Windows Identity Foundation SDK
[Starting with the .NET Framework 4.5, Windows Identity Foundation (WIF) has been fully integrated into the .NET Framework. The version of WIF addressed by this topic, WIF 3.5, is deprecated and should only be used when developing against the .NET Framework 3.5 SP1 or the .NET Framework 4. For more information about WIF in the .NET Framework 4.5, also known as WIF 4.5, see the Windows Identity Foundation documentation in the .NET Framework 4.5 Development Guide.]
The Windows Identity Foundation (WIF) Software Development Kit (SDK) should be used with the following considerations.
WIF SDK Considerations
Note
If you are looking for information on the SharePoint extensions, see Microsoft Federation Extensions for SharePoint 3.0
Please note the following considerations as you prepare to use the WIF SDK.
Side by Side Installation
If you try to install the WIF SDK on a computer that has both .NET Framework 3.5 and 4 installed, you may run into the following situation:
On Windows Server 2003, if the WIF SDK for .NET Framework 3.5 is installed, the samples involving ASP.Net may fail with a RequestValidation error.

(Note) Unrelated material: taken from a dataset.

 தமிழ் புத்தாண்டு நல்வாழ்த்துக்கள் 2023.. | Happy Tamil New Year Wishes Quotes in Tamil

This is because IIS will default the framework version to .NET Framework 4 when .NET Framework 4 is installed.
On Vista/Windows Server 2008/Windows 7/Windows Server 2008 R2, if both the WIF SDK for .NET Framework 3.5 and WIF SDK for .NET Framework 4 are installed, and SamplePreReqSetup.bat from both SDK are run, then only the samples from the last-installed SDK will work.
This is because SamplePreReqSetup.bat creates an application pool, WifSample, for use with the samples, and the SamplePreReqSetup for the different SDKs set different framework versions on the application pool. For example, SamplePreRequSetup.bat from the .NET Framework 3.5 SDK sets the framework version to 2.0, while the SamplePreReqSetup.bat from the .NET Framework 4 SDK sets the framework version to 4. Since the application pool name is the same for both SDKs, whichever SamplePreReqSetup.bat that is run last prevails in setting the framework version for the WifSample application pool.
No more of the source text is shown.